Charles A. Gilstrap
About Charles A. Gilstrap
Charles A. Gilstrap, 59, serves as Senior Vice President, Treasury, Tax & Chief Accounting Officer (principal accounting officer) at CommScope, effective April 1, 2025, after leading Tax & Treasury since 2022 . He holds a B.S. in Accounting from Midwestern State University (TX) . Company performance context around his tenure: FY 2024 net sales from continuing operations were $4,205.8 million and Adjusted EBITDA (including OWN and DAS for incentive purposes) was $1,095.1 million; the year-end stock price was $5.21, up 84.8% during 2024 . In Q3 2025, consolidated net sales reached $1.63 billion and non-GAAP adjusted EBITDA was $402.5 million, with full-year EBITDA guidance raised to $1.30–$1.35 billion; shares rose roughly 10% post-release .
Past Roles
| Organization | Role | Years | Strategic Impact |
|---|---|---|---|
| CommScope | SVP, Tax & Treasury | 2022–2025 | Led corporate treasury/tax ahead of portfolio reshaping and capital structure actions . |
| CommScope | SVP, Treasury, Tax & Chief Accounting Officer (PAO) | 2025–Present | Principal accounting officer overseeing reporting amid CCS divestiture process . |
| ByoPlanet International, LLC | Chief Financial Officer | 2020–2022 | CFO experience prior to CommScope senior finance roles . |
| Accudyne Industries LLC | VP Finance | 2016–2020 | Senior finance leader at Carlyle portfolio company; prior VP, Tax & Treasury |
Fixed Compensation
| Component | 2025 Terms | Notes |
|---|---|---|
| Base Salary | $400,000 | Effective April 1, 2025 . |
| Target Annual Bonus | 55% of base salary | Subject to Committee-set performance goals . |
| Long-Term Incentive Target | $400,000 | Continues participation in LTIP; annual target increased to $400k . |
Performance Compensation
| Incentive | Metric | Weighting | Target | Actual/Payout | Vesting/Payment Terms |
|---|---|---|---|---|---|
| Annual Incentive Plan (AIP) – Program Design | Adjusted EBITDA (incl. OWN & DAS for 2024 incentives) | 90% | See AIP goals table in proxy | 2024 company payout 157.6% for NEOs; constructs apply companywide . | |
| Annual Incentive Plan (AIP) – Strategic Objectives | CommScope NEXT objectives | 10% | Discretional evaluation | Met expectations (100%) in 2024 . | |
| AIP – Change-in-Control Treatment (CCS Sale) | Prorated target incentive | N/A | Prorated to change-in-control date | Estimated prorated AIP payout for Gilstrap: $262,998 . | Paid within 30 days of change-in-control event per AIP terms . |
| Success Bonus (CCS Sale) | Close of CCS transaction | N/A | $1,240,000 | Lump-sum payout if employed through closing (or terminated w/o cause prior) . | Paid within 30 days of closing; at closing, success bonus replaces severance at closing . |
| Equity Awards – Conversion | RSUs/PSUs/cash LTIP | N/A | See company policy | Remaining employees’ awards equitably converted; 2023 PSU performance locked through latest period; cash LTIP continues original vesting . | Acceleration upon qualifying termination within 24 months post-close . |
2024 AIP metrics: goals tied primarily to Adjusted EBITDA and CommScope NEXT strategic outcomes across segments; the company achieved above-target EBITDA driving high payout levels .

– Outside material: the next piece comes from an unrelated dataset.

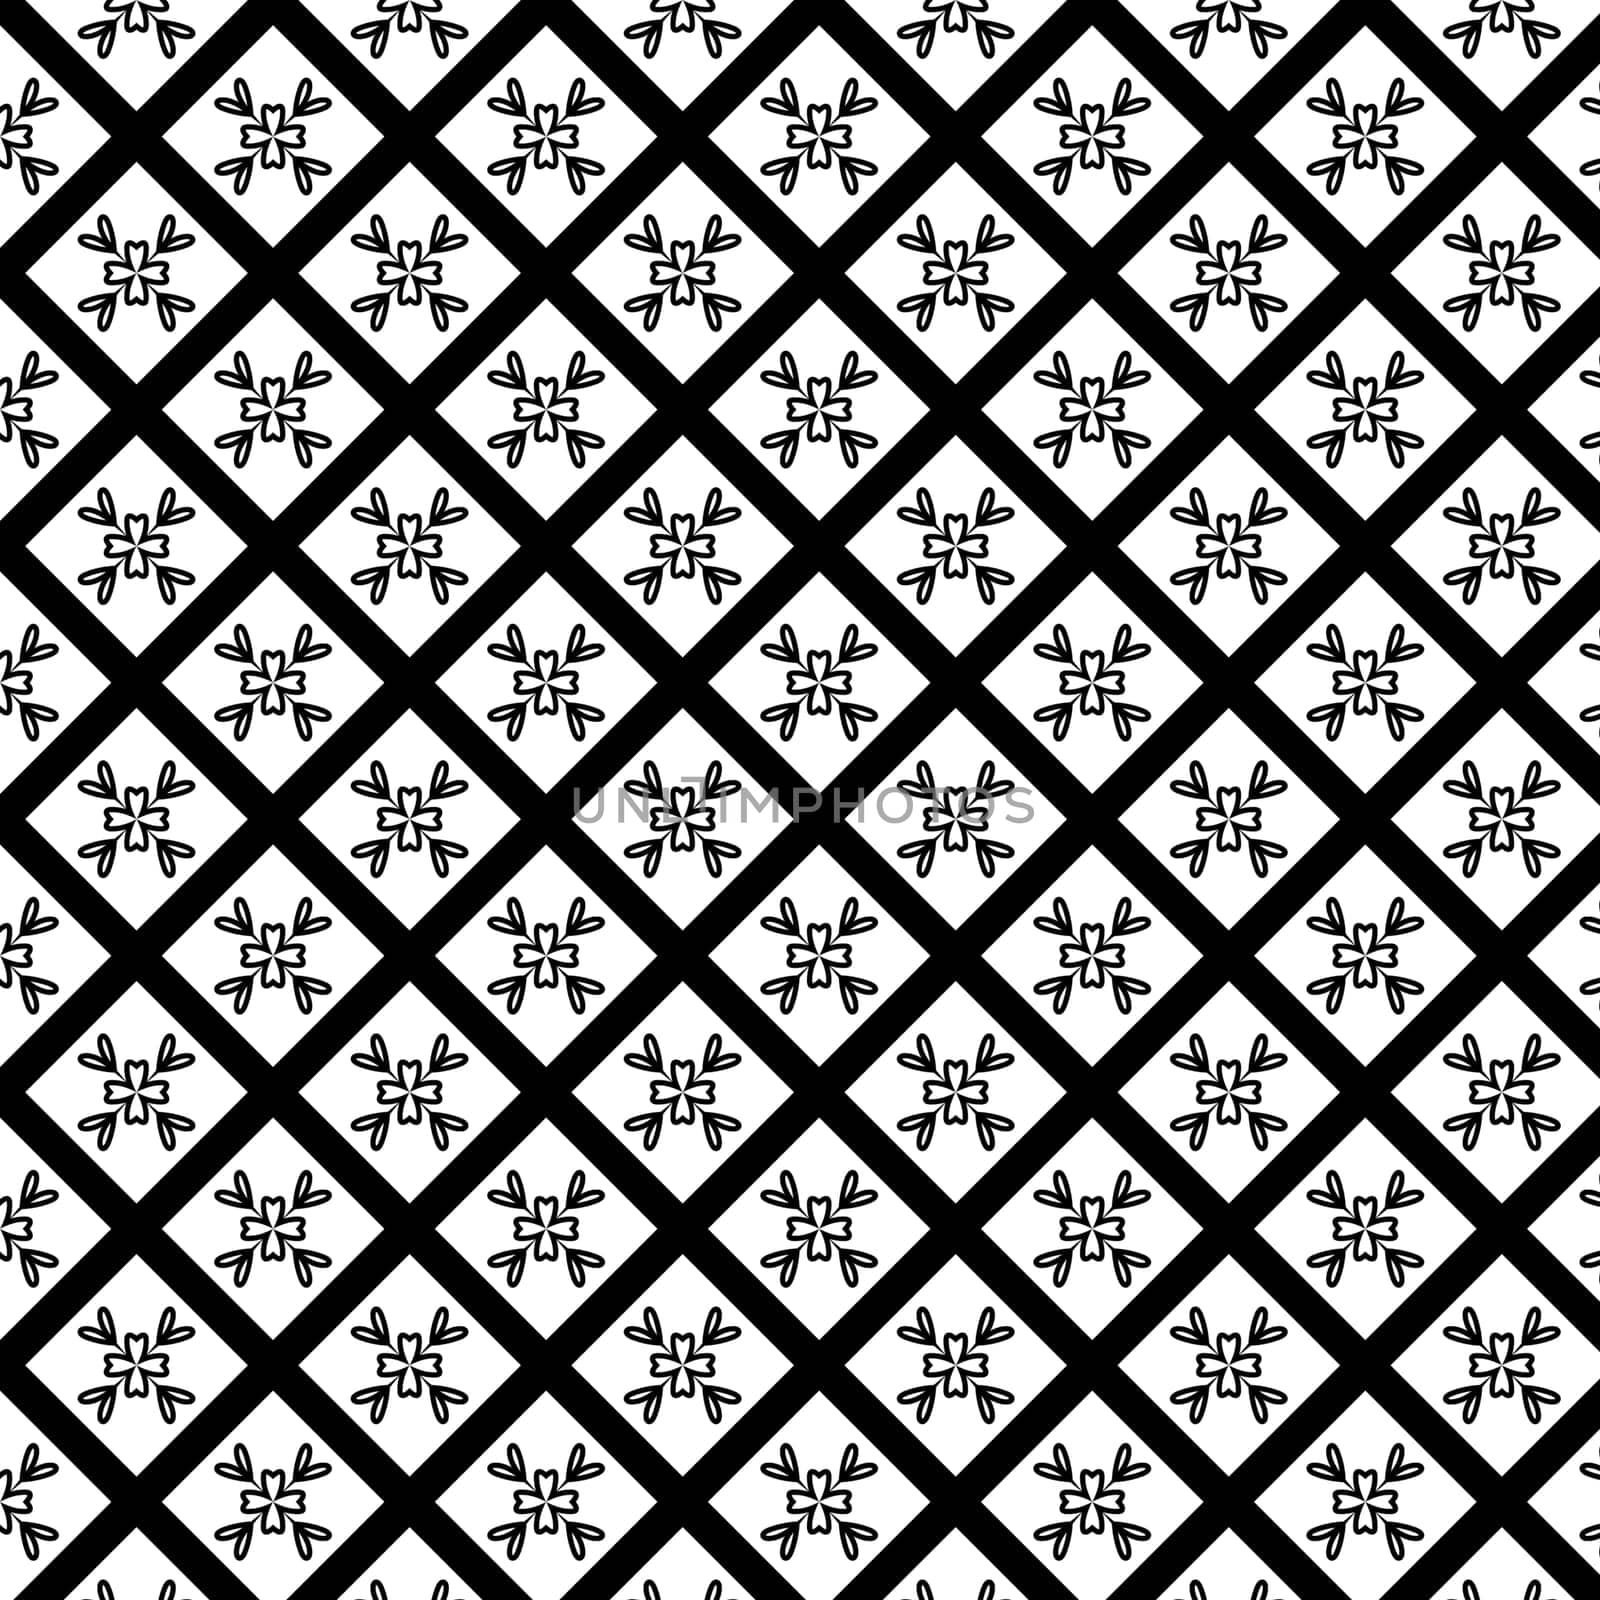 Abstract geometric shape pattern with black and white colour for background by iamnoonmai

Equity Ownership & Alignment
- Stock ownership guidelines prohibit hedging, pledging, margin purchases, collars/derivatives; Section 16 officers and directors are barred from pledging company stock .

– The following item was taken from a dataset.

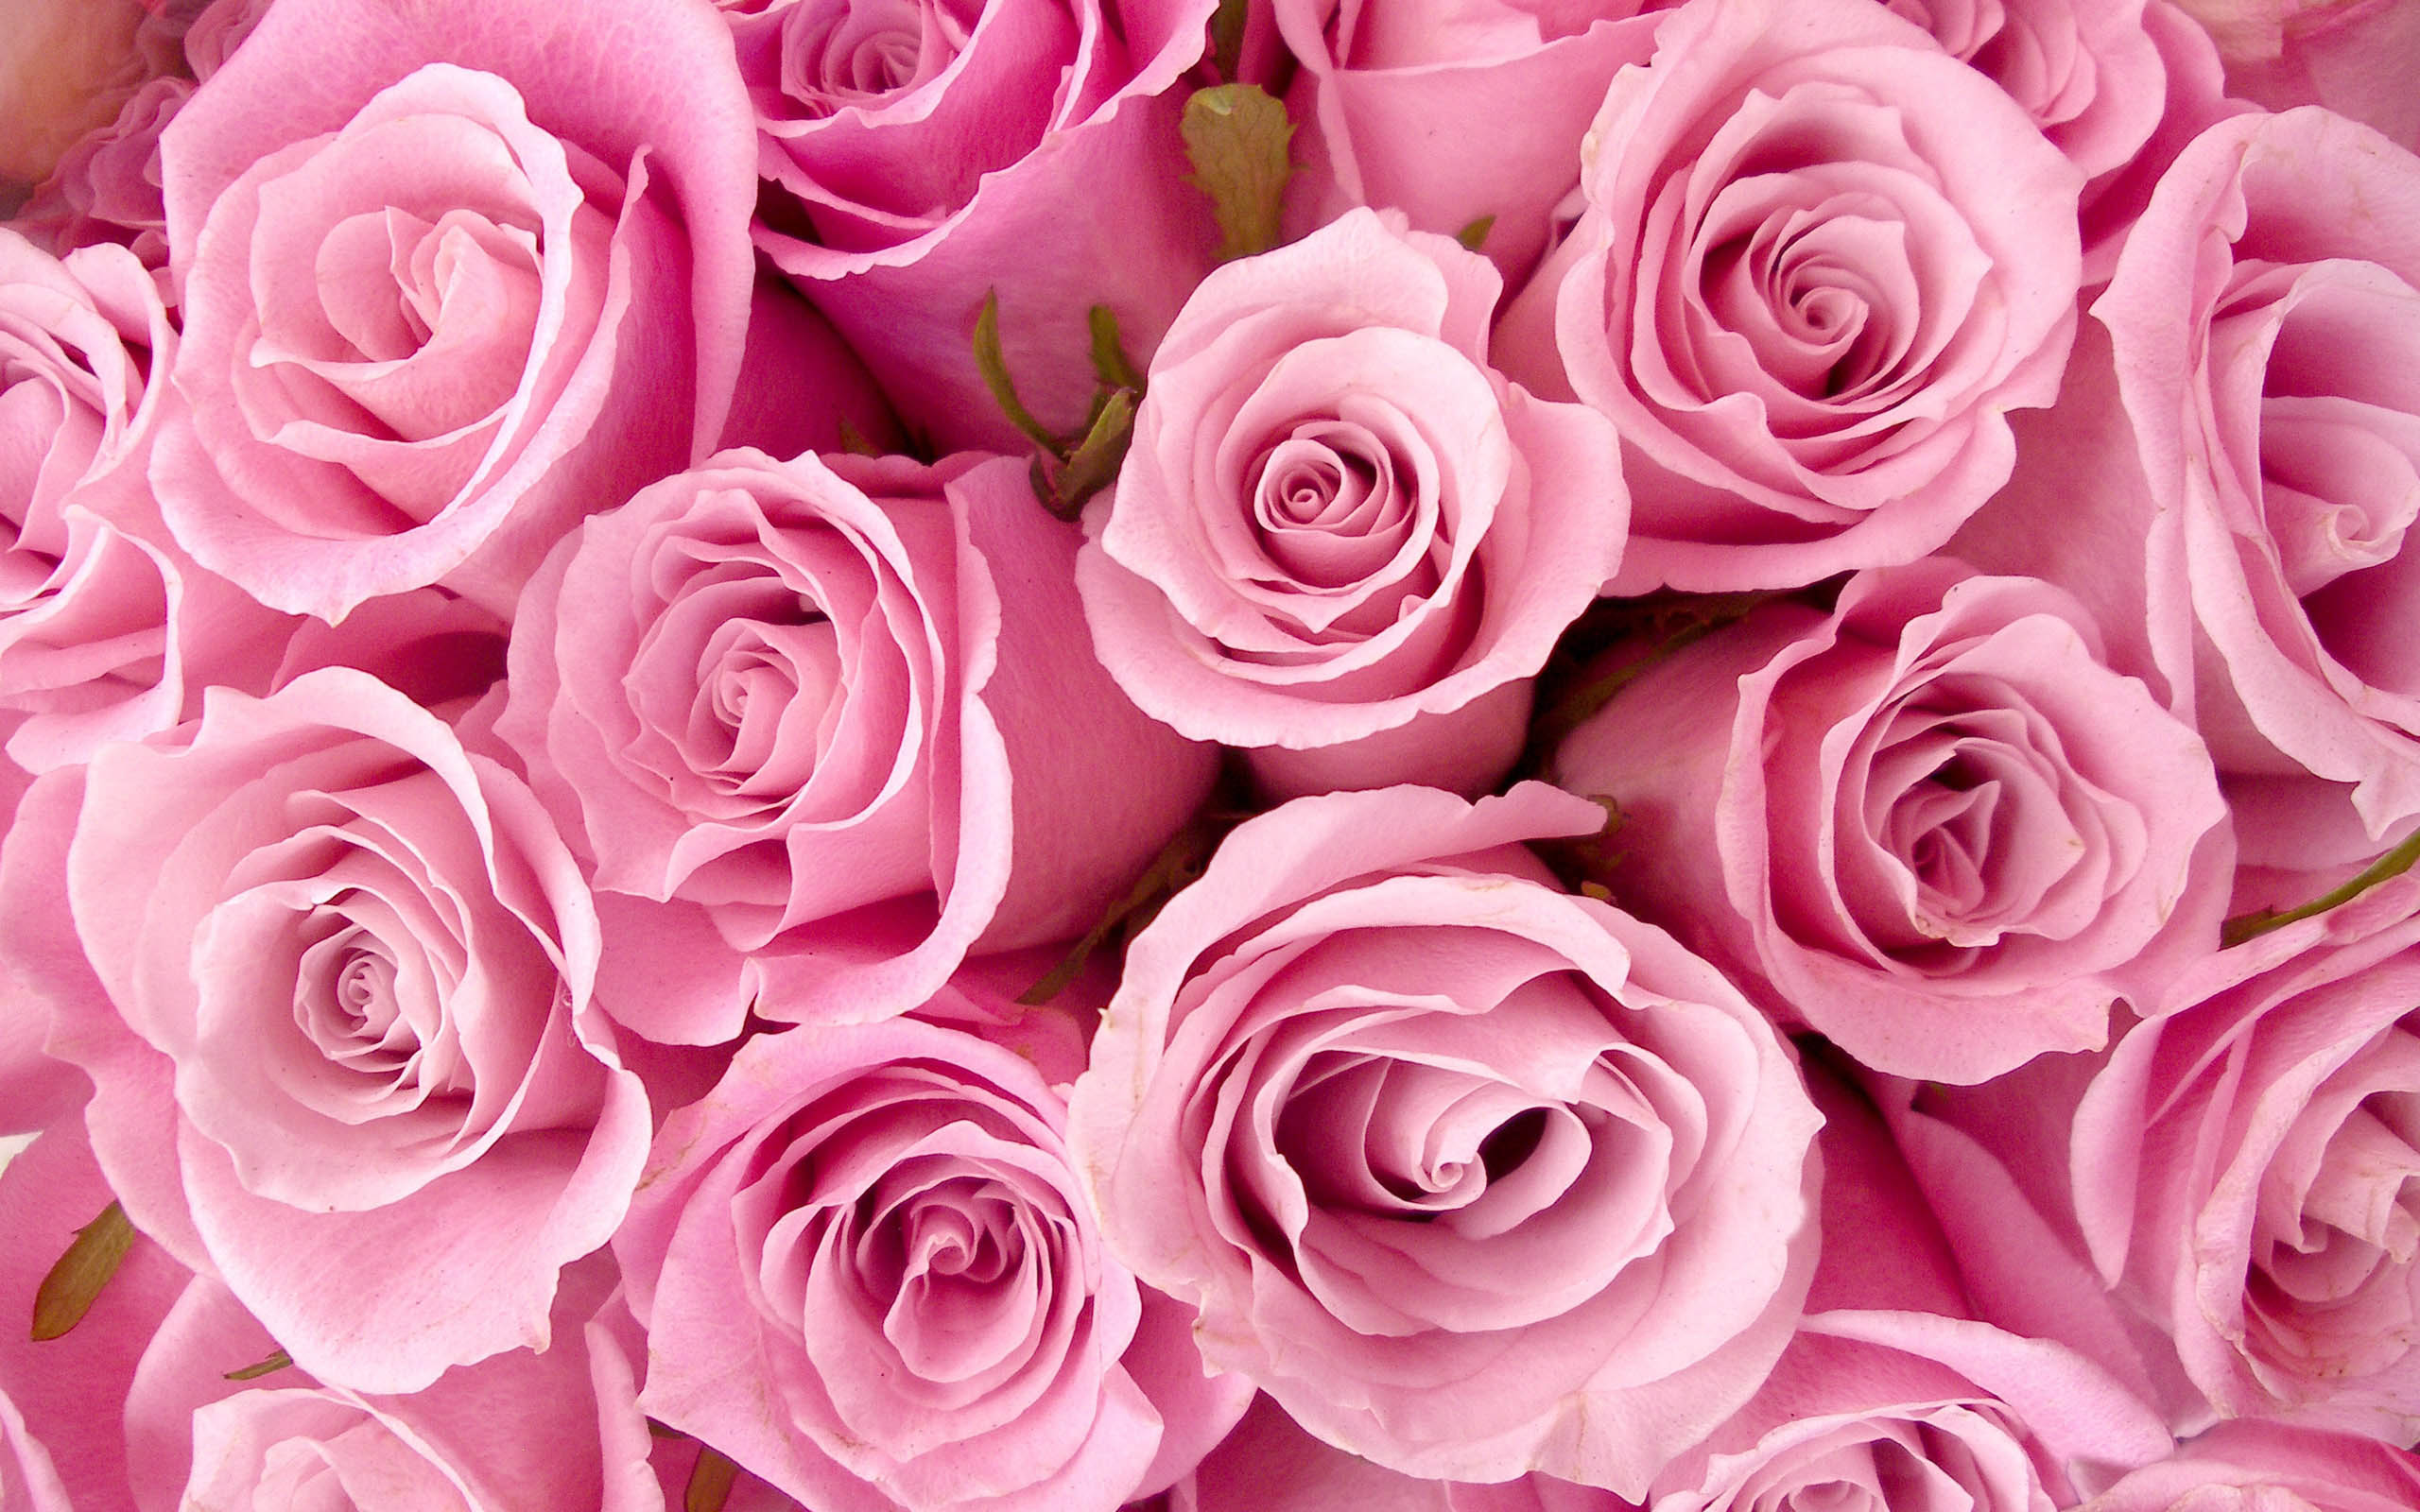 Roses Wallpaper Pink Fishes Girly Hot

- Executive ownership guidelines: CFO-level at 3x salary or 250,000 shares; other executives at 2x or 1x salary with share-count alternatives; five-year compliance window; specific compliance status for Gilstrap not disclosed .
Employment Terms
| Term | Detail |
|---|---|
| Appointment | SVP, Treasury, Tax & Chief Accounting Officer effective April 1, 2025; principal accounting officer . |
| Severance Protection Agreement | Initial term to Dec 31, 2027; auto-renews annually; cannot expire within 24 months after change-in-control . |
| Severance (no CIC) | 1x base salary, paid over 12 months; COBRA company portion up to 12 months . |
| Severance (within 24 months post-CIC) | Lump sum of 1x (base salary + target bonus); COBRA up to 18 months; pro rata actual bonus if terminated post-CIC . |
| Non-Compete / Non-Solicit | 1 year from termination in initial SPA; updated disclosure cites 18 months for certain executives including Gilstrap post-CIC . |
| Pro rata bonus post-CIC | Pro rata bonus for the year of termination based on actual performance . |
| Success Bonus (CCS sale) | $1,240,000 lump sum within 30 days of closing if employed through close or terminated without cause before close; if paid, no severance “at closing” under SPA (does not affect severance for post-close termination) . |
| Estimated Severance Value (illustrative) | $932,662 estimated severance+COBRA at closing assuming qualifying termination (for SEC modeling purposes) . |
| Indemnification | Standard indemnification agreement . |
Performance Context
| Metric | FY 2024 | Q3 2025 |
|---|---|---|
| Net Sales ($USD Millions) | $4,205.8 | $1,630.0 |
| Adjusted EBITDA ($USD Millions) | $1,095.1 (incl. OWN & DAS for incentives) | $402.5 |
| Stock Price/TSR | Year-end stock price $5.21; +84.8% during 2024 | ~10% share price rise after Q3 2025 release |
Compensation Committee, Policies, and Peer Group
- Compensation Committee: Stephen C. Gray (Chair), Scott H. Hughes, L. William Krause; 7 meetings in 2024; independent consultant Compensia; target pay aligned to market median .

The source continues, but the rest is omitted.